Almost 50 years after playing Tarzan, Ron Ely is still in the game
07/17/2014 6:03 PM
07/17/2014 6:03 PM
If you look at Ron Ely’s acting credits, there’s a gap between 2001 and 2014.
Ely was happy to take the long break from his career working in TV and films, which dates to 1958.
“I stepped out of acting to raise a family and be able to spend more time with them here in Santa Barbara,” Ely says. “Now, all the kids are through college with advance degrees. My family asked me ‘what are you hanging around for?’ I started looking around and this film came up. It felt so good making the movie, I wish I had never left.”
Ely plays an Amish elder in the Lifetime movie “Expecting Amish” (8 p.m. Saturday), which looks at how the community is rocked when Hannah, (AJ Michalka) on a rumspringa trip to Los Angeles, gets pregnant. Hannah knows that once the pregnancy is revealed she will be separated from her family. She is given a way to stay in the community, but it means she has to reject the young man (Jesse McCartney) she met in Los Angeles.
One of the things Ely liked about the role was that his character wasn’t the center of the story. That gave him a chance to get back to work without the pressure of carrying the film.
Ely carried plenty of projects in the 1960s and ’70s, including the “Tarzan” series on NBC. Playing Tarzan changed his life, and not just from the two dozen major injuries – including two broken shoulders and various lion bites – he got during filming.

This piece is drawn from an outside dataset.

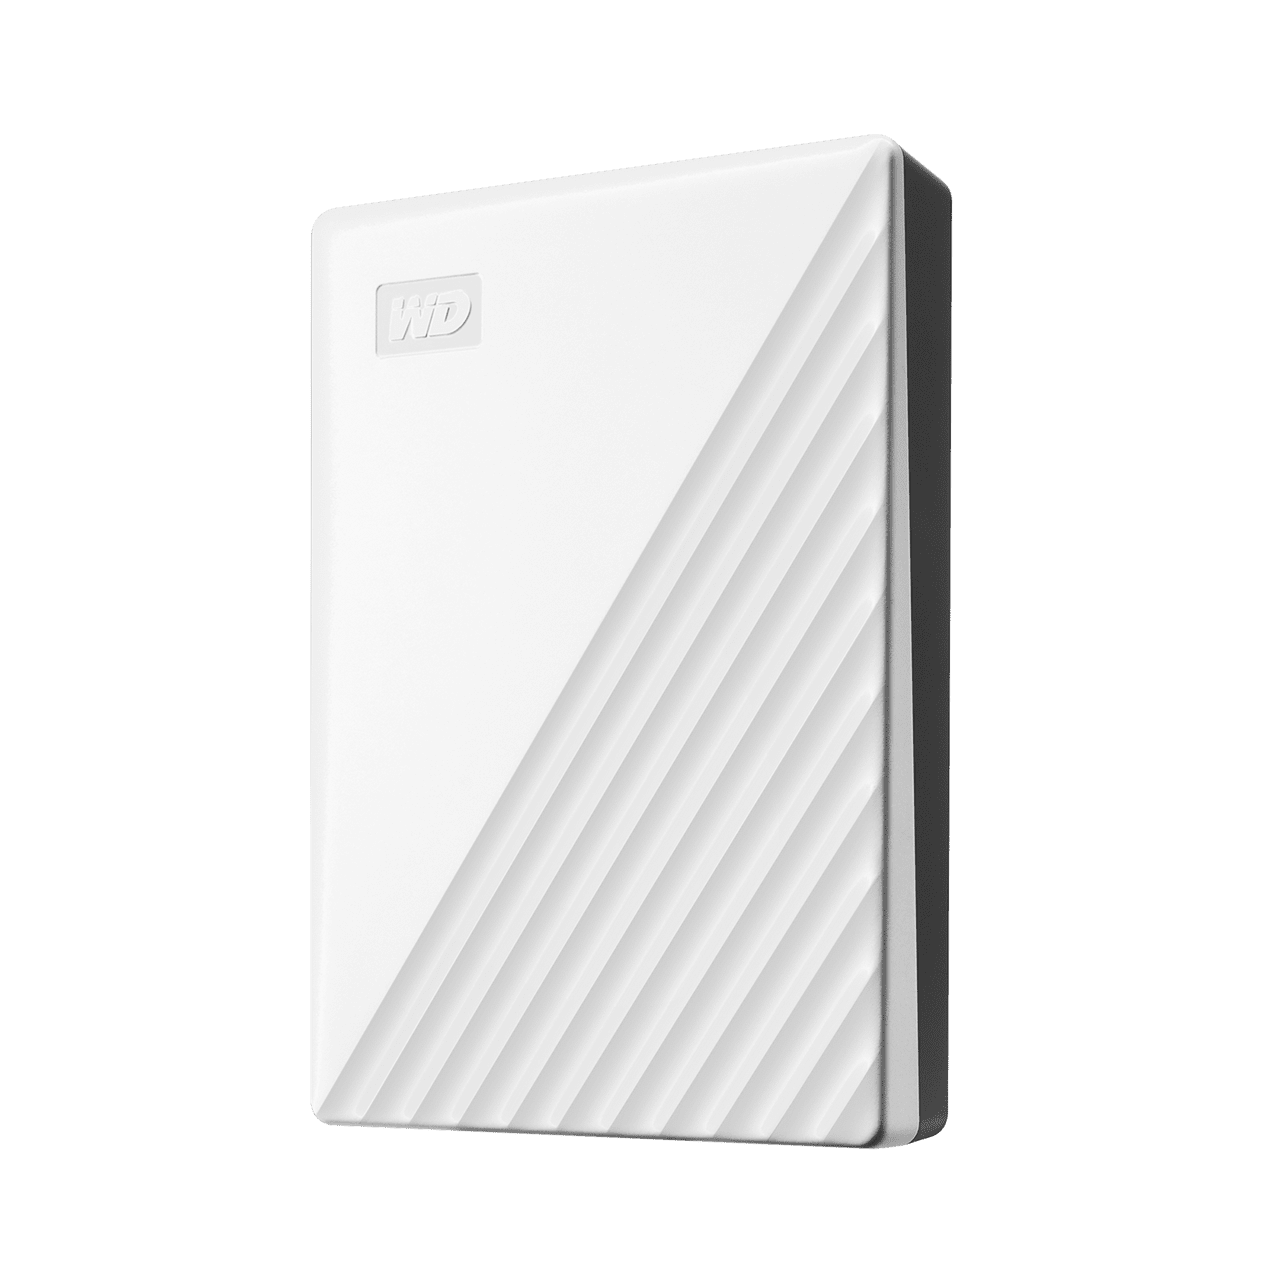 External My WD | HDD Western TB Drive Hard (1 TB) Digital Passport Portable to 5
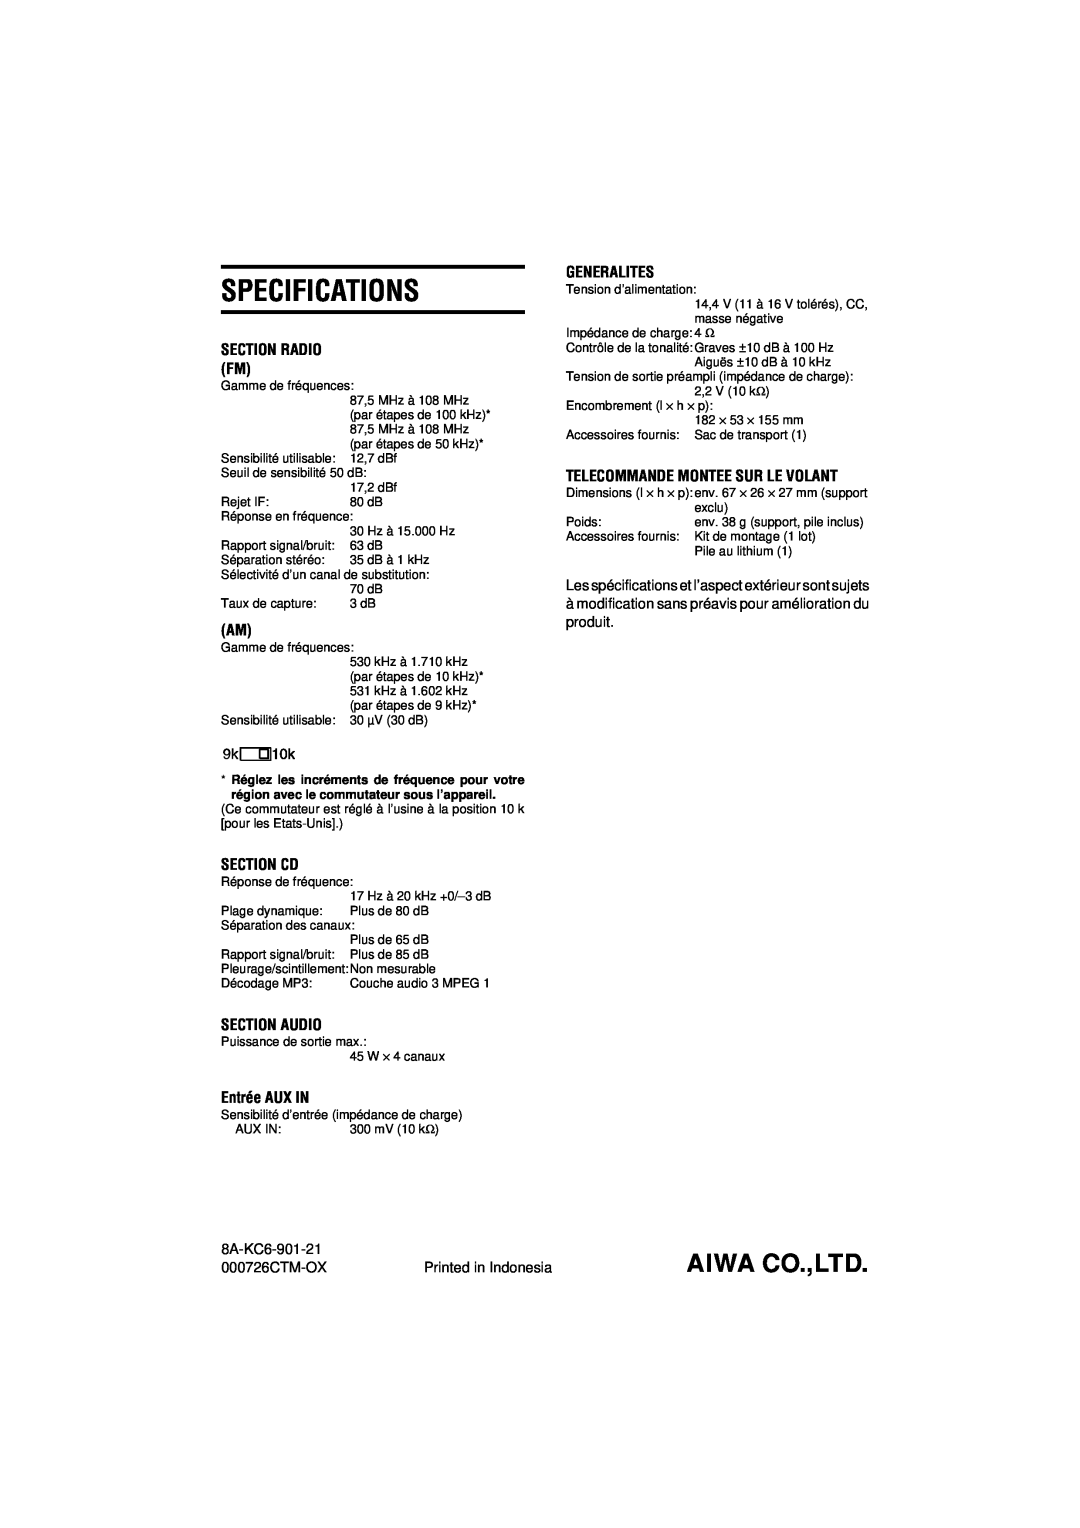 Aiwa CDC-MP3 manual Specifications, Section Radio Fm, Section Cd, Telecommande Montee Sur Le Volant, Entrée AUX IN

“Tarzan” lasted two seasons – 1966-1968 – but that was enough to link Ely to the role.
“That character is such a trap, nobody gets out alive. … I became so associated with the role, I had to go to Europe to get work,” Ely says.
He started to land a few roles in the U.S., but Ely opted to take the acting hiatus. During that time he wrote five novels.
Ely has a theory as to why the Amish have become a popular subject for TV and big-screen movies.
“As we, as a society, grow further and further from our religious ties, we look back at the strongest of those communities. I would put Amish, Mormons, in that category. There’s something in us that seeks that out,” Ely says. “People look at Amish with their simpler life and strong values and wonder if their way of life would be better.”